Interpretation: Rank-based effects are less intuitive than fold changes. “Treatment increases ranks” is harder to communicate than “treatment doubles abundance”.
Balance: ART works best with balanced designs (equal n per cell). Unbalanced designs can give unreliable interaction tests.
Not a magic fix: If your data has fundamental problems (outlier samples, batch effects), ART won’t save you. Fix the problems first.
Practical recommendations
- Start with GLM - it’s the default for good reason
-
Check GLM fit - run
plot_fit_diagnostics(results)(seevignette("checking_fit")) - If diagnostics look poor, try ART on the same data
- Compare results - where do methods agree and disagree?

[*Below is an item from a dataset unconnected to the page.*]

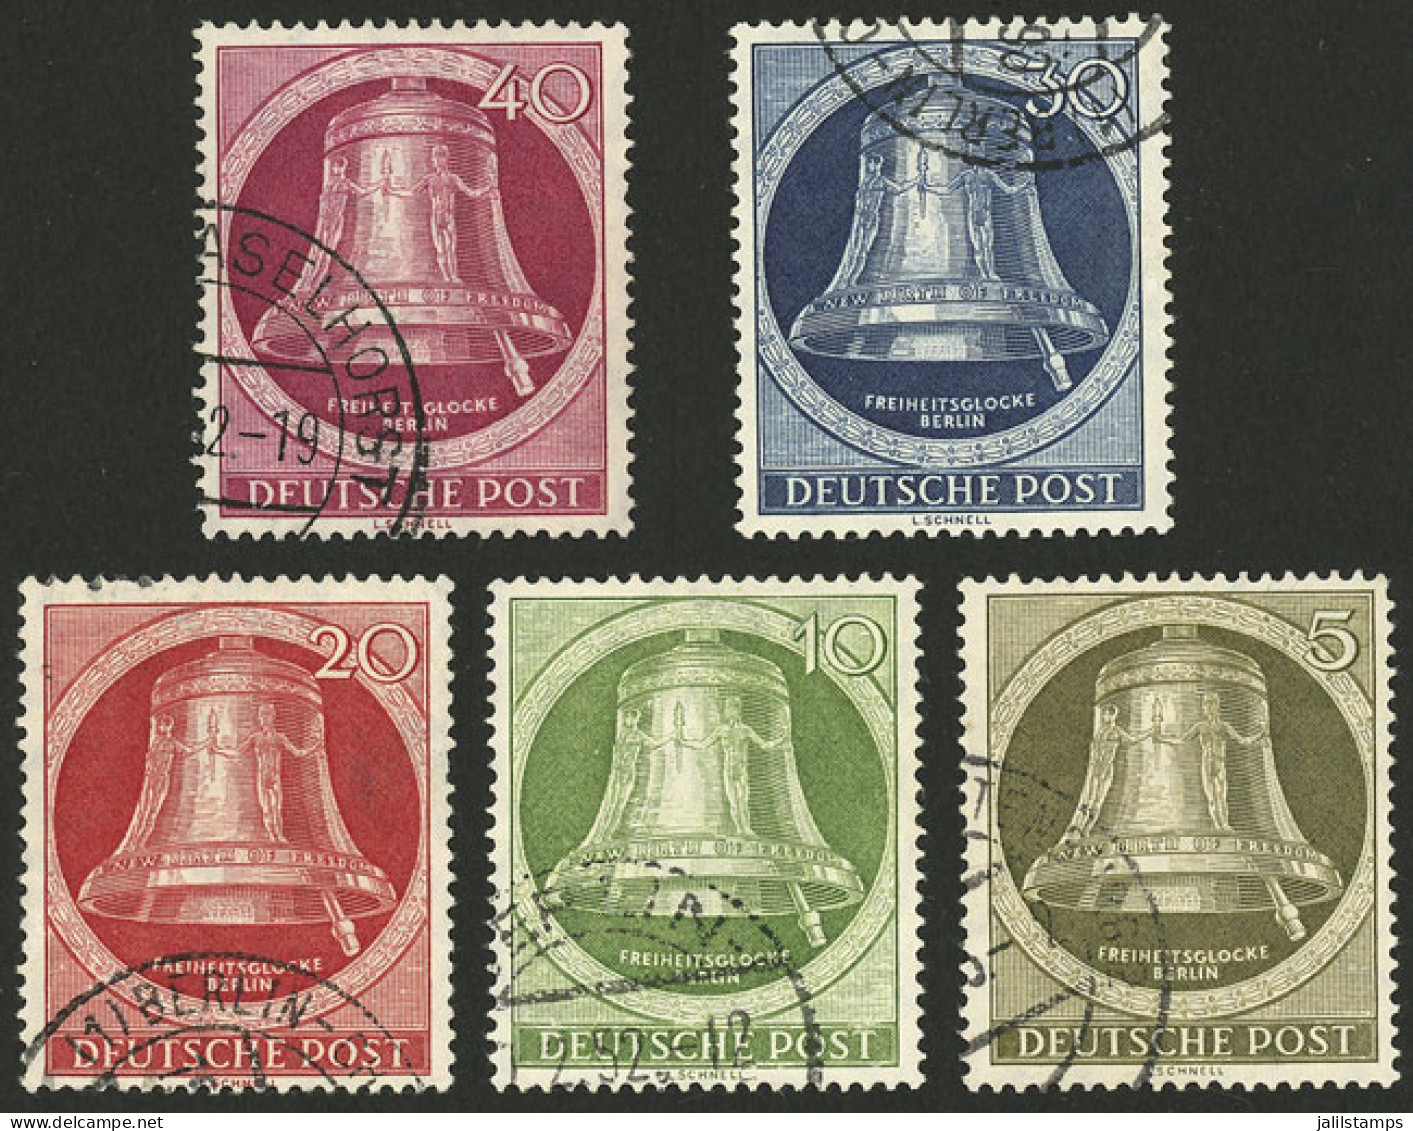 WEST GERMANY - BERLIN: Yvert 68/72, 1952 Bell With Clapper At Right, Set Of 5 Used Values, VF Quality! - Usati
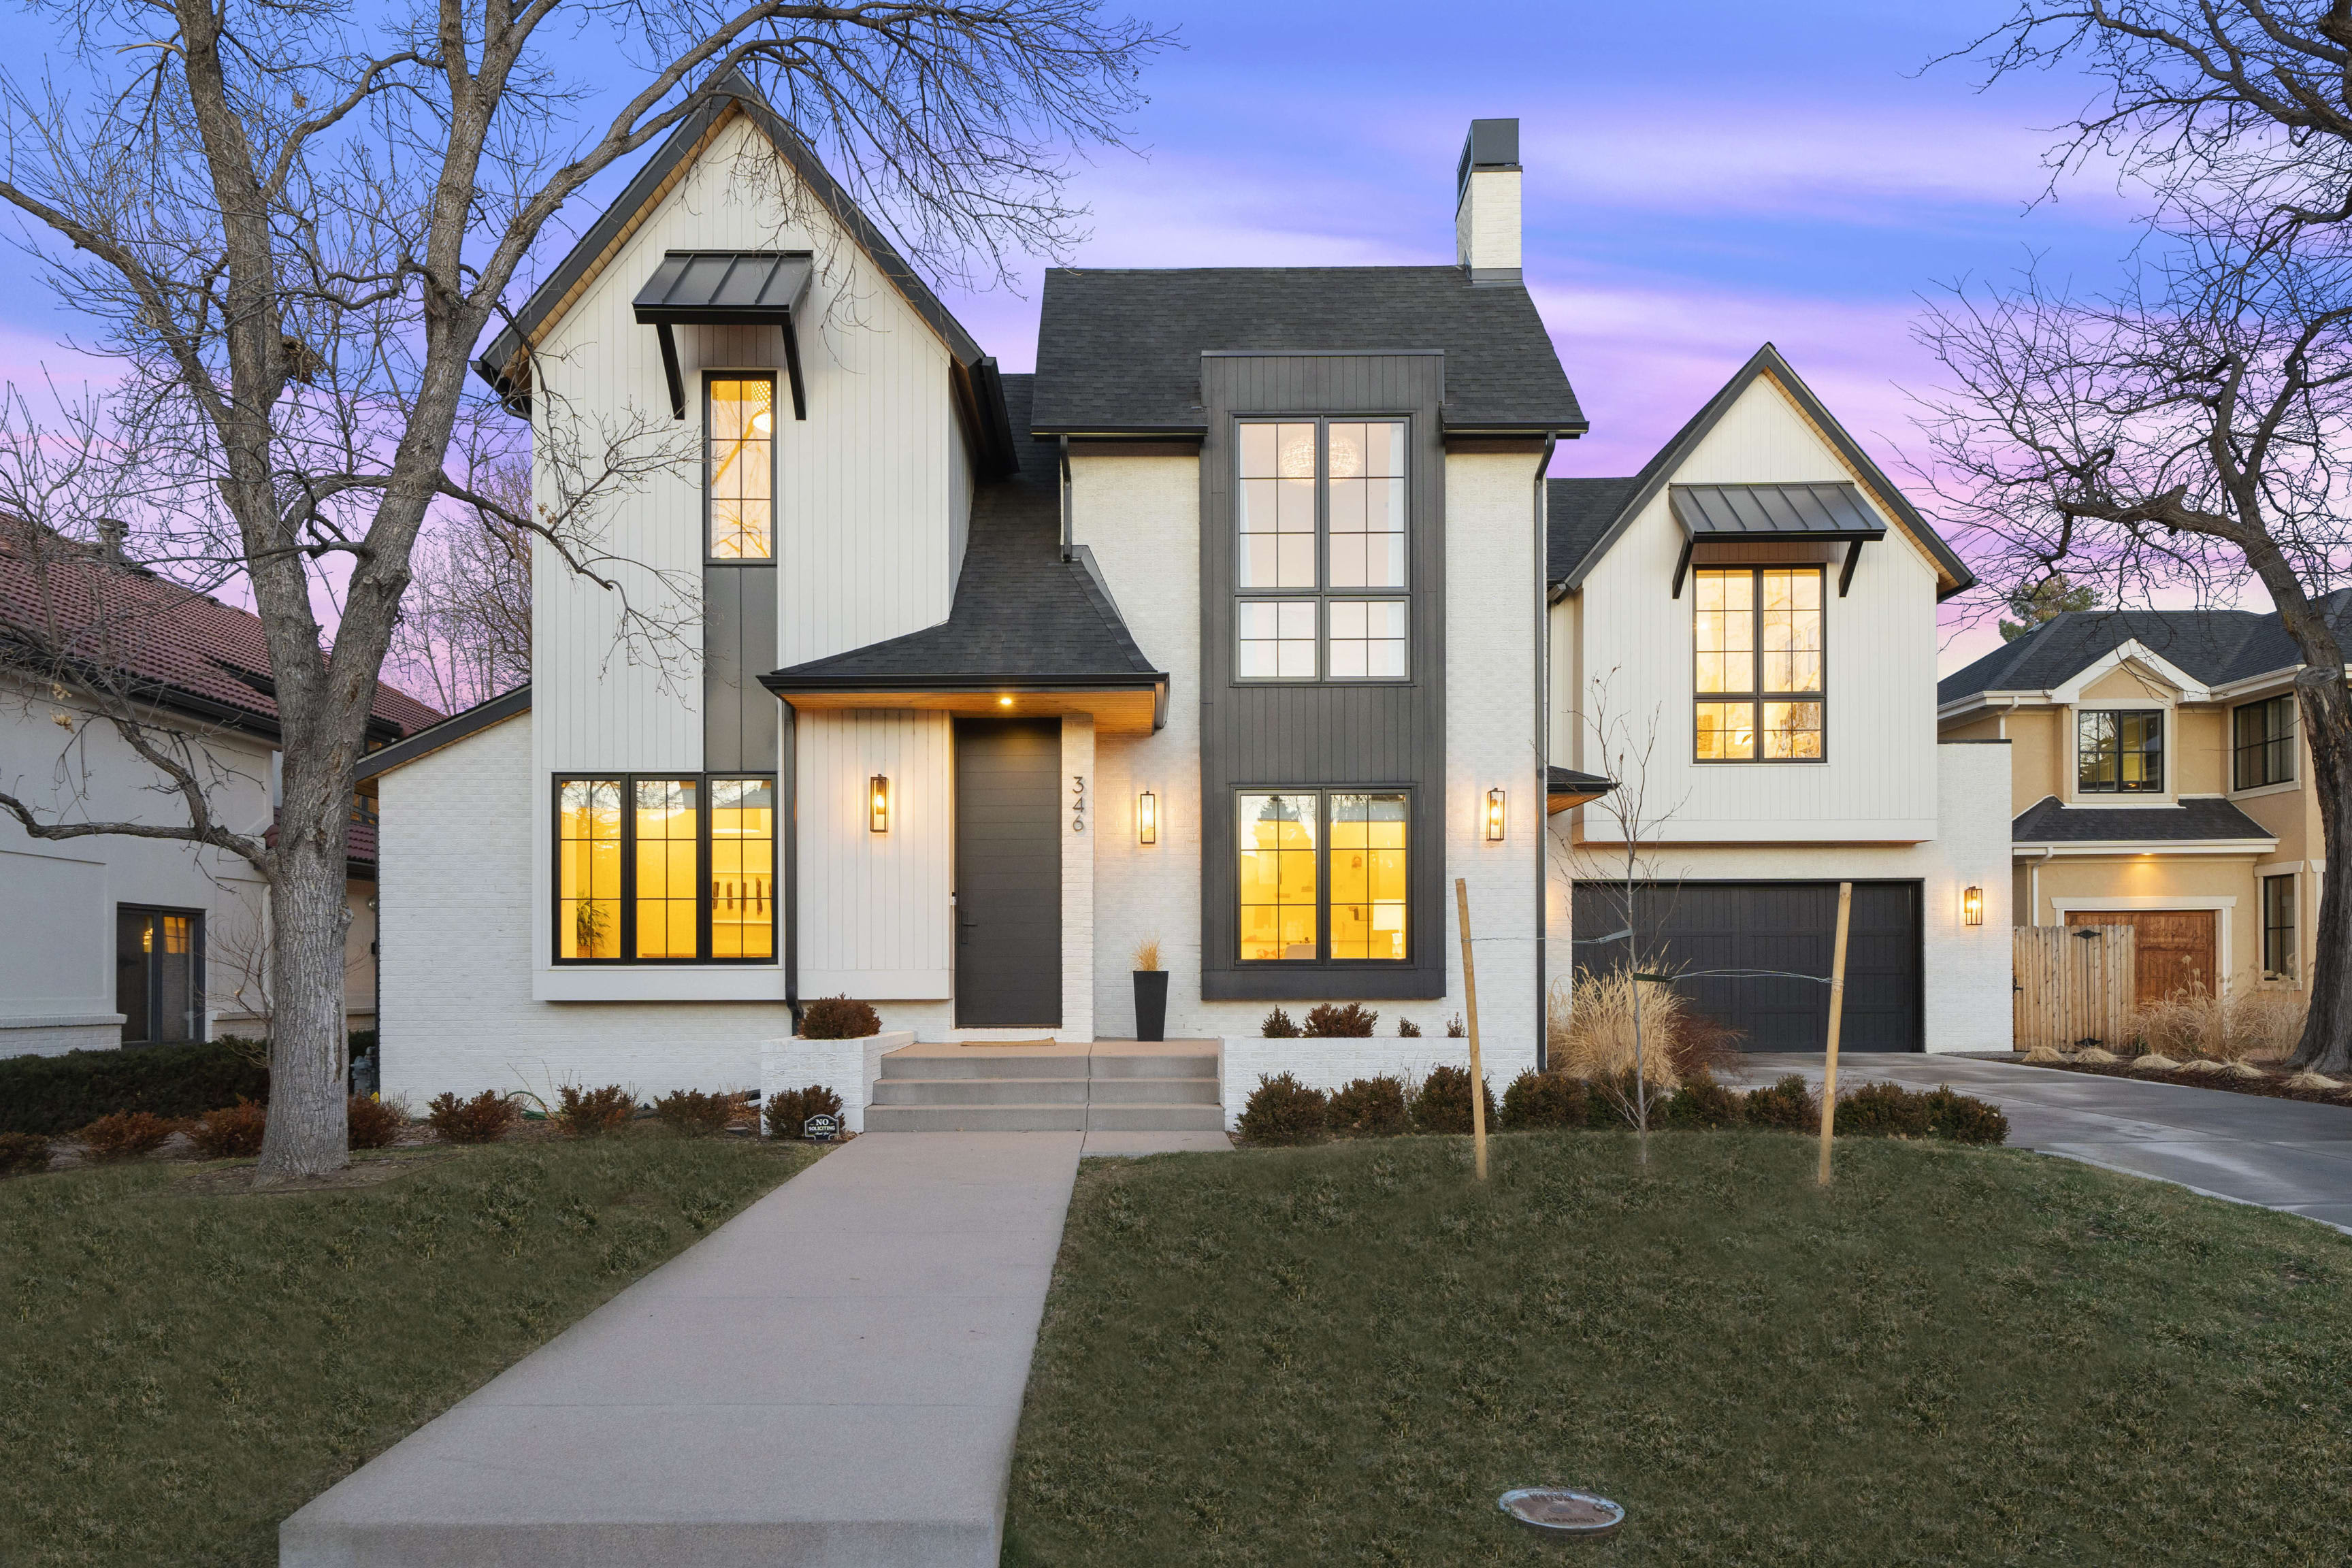  Dusk falls on a modern luxury home with striking architecture, warm interior lights, and a welcoming ambiance.

- For publication, report which method you used and why
Decision tree:
GLM diagnostics OK?
→ Yes: Use GLM
→ No: Try ART
↓
ART diagnostics OK?
→ Yes: Use ART
→ No: You may need more data, or the effect isn't there
When both methods fail
If neither GLM nor ART gives sensible results:
- Check data quality: Outlier samples, batch effects, normalisation issues
- Consider sample size: May not have power to detect effects
- Simplify the model: Too many factors for the data?
- Accept the null: Sometimes there’s no effect to find
See peppwR for power analysis to understand what effect sizes your experiment can detect.